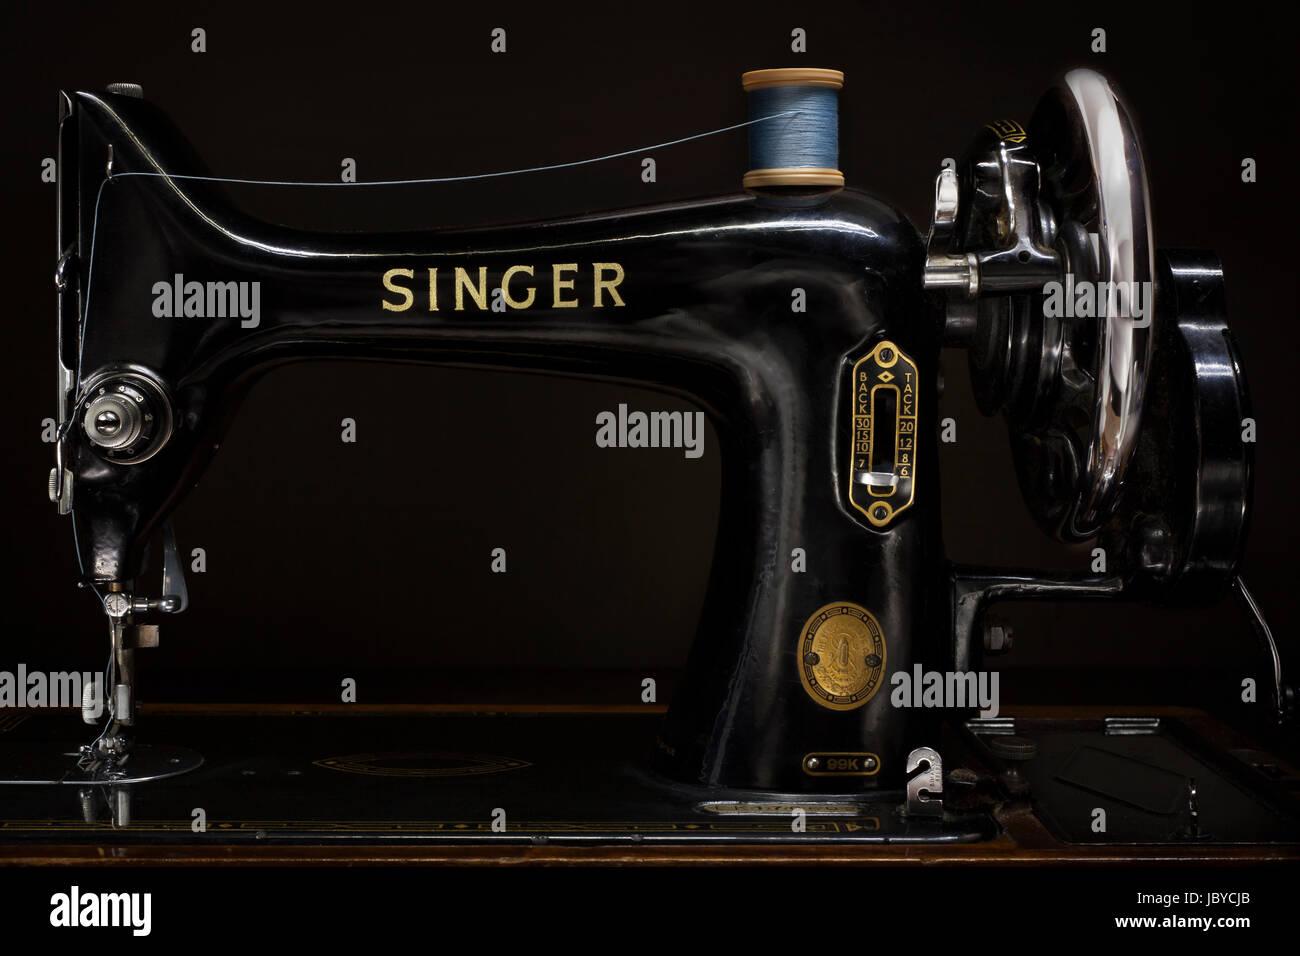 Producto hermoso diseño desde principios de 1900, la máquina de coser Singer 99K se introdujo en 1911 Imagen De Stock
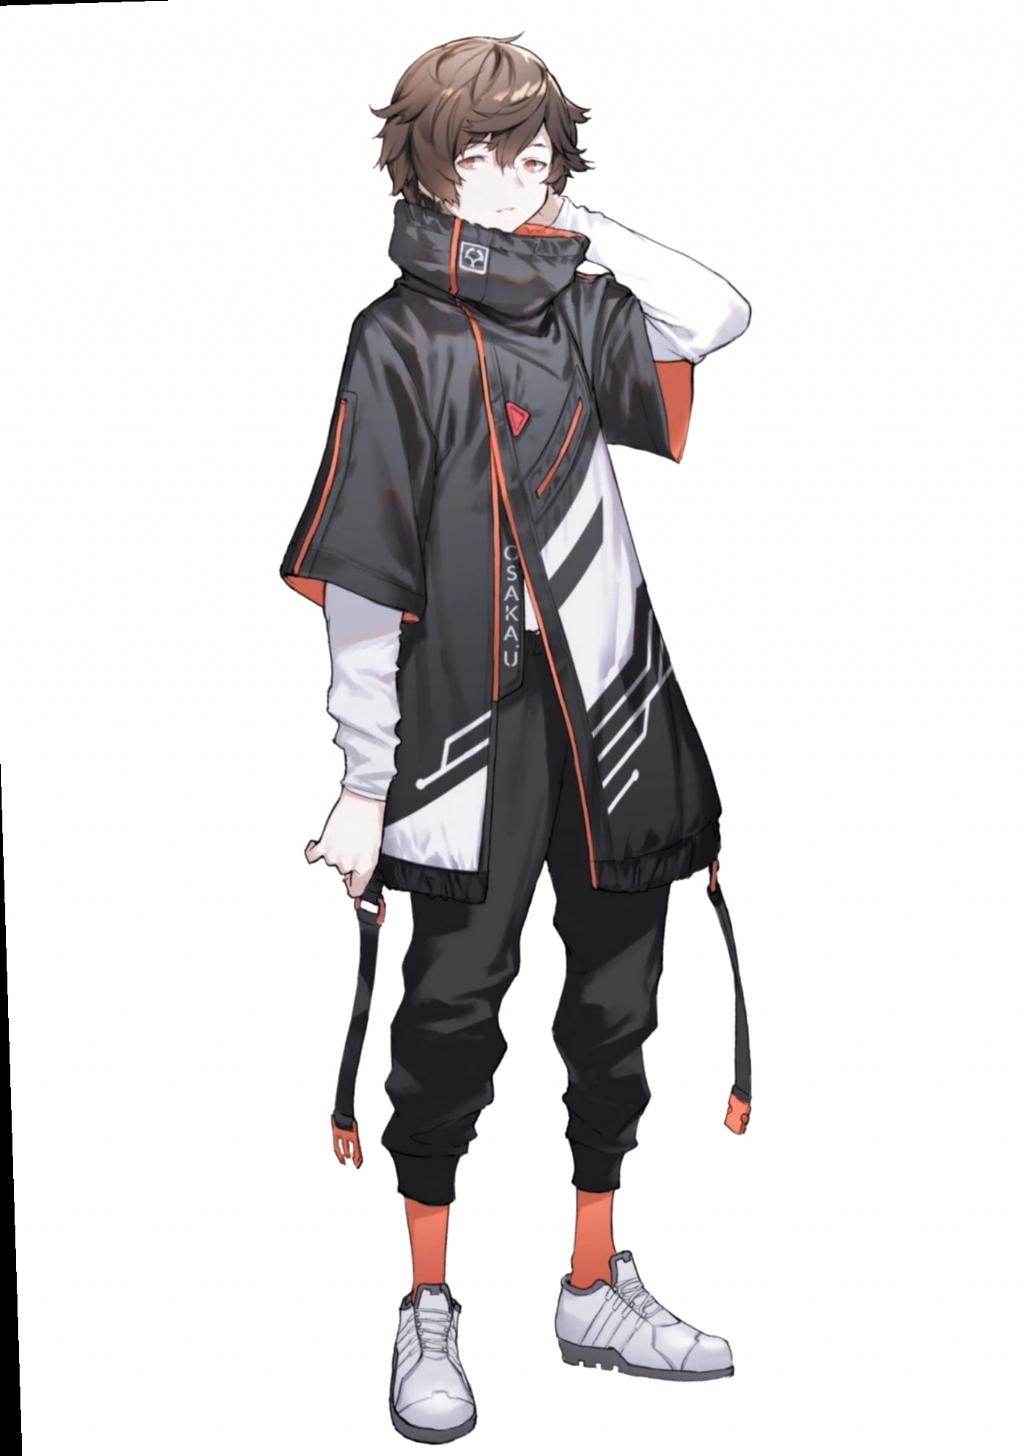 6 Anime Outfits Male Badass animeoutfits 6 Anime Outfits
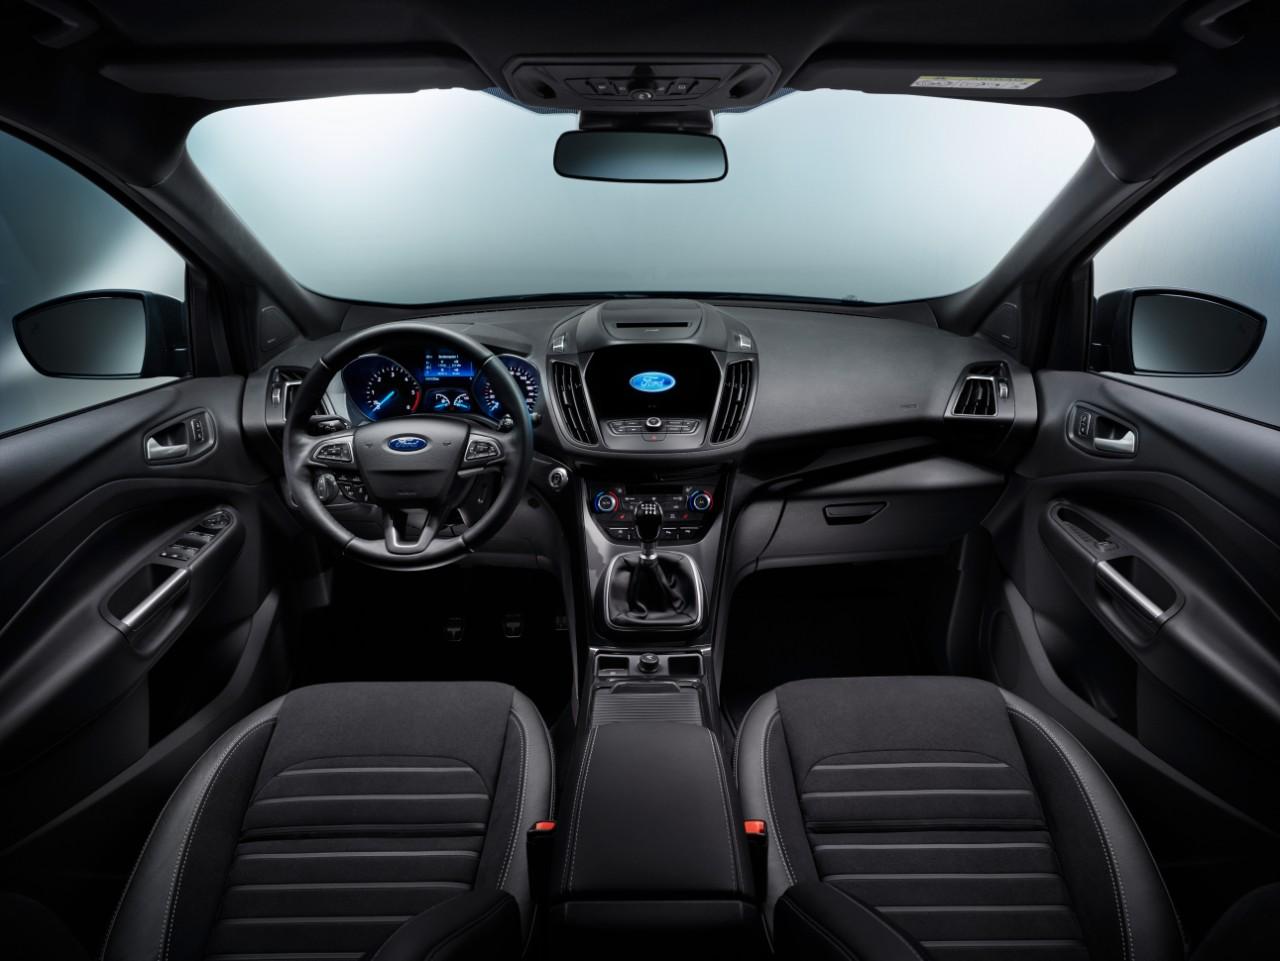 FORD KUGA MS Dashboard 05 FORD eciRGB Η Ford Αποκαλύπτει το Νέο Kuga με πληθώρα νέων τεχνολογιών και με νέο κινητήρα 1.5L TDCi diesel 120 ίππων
▬▬▬▬▬▬
What is needed:
Only exact repeats of the lines from the one containing "6 Anime Outfits Male" through the end of the listing above are wanted here; pictures are not.

Your solution:
 6 Anime Outfits Male Badass animeoutfits 6 Anime Outfits
 FORD KUGA MS Dashboard 05 FORD eciRGB Η Ford Αποκαλύπτει το Νέο Kuga με πληθώρα νέων τεχνολογιών και με νέο κινητήρα 1.5L TDCi diesel 120 ίππων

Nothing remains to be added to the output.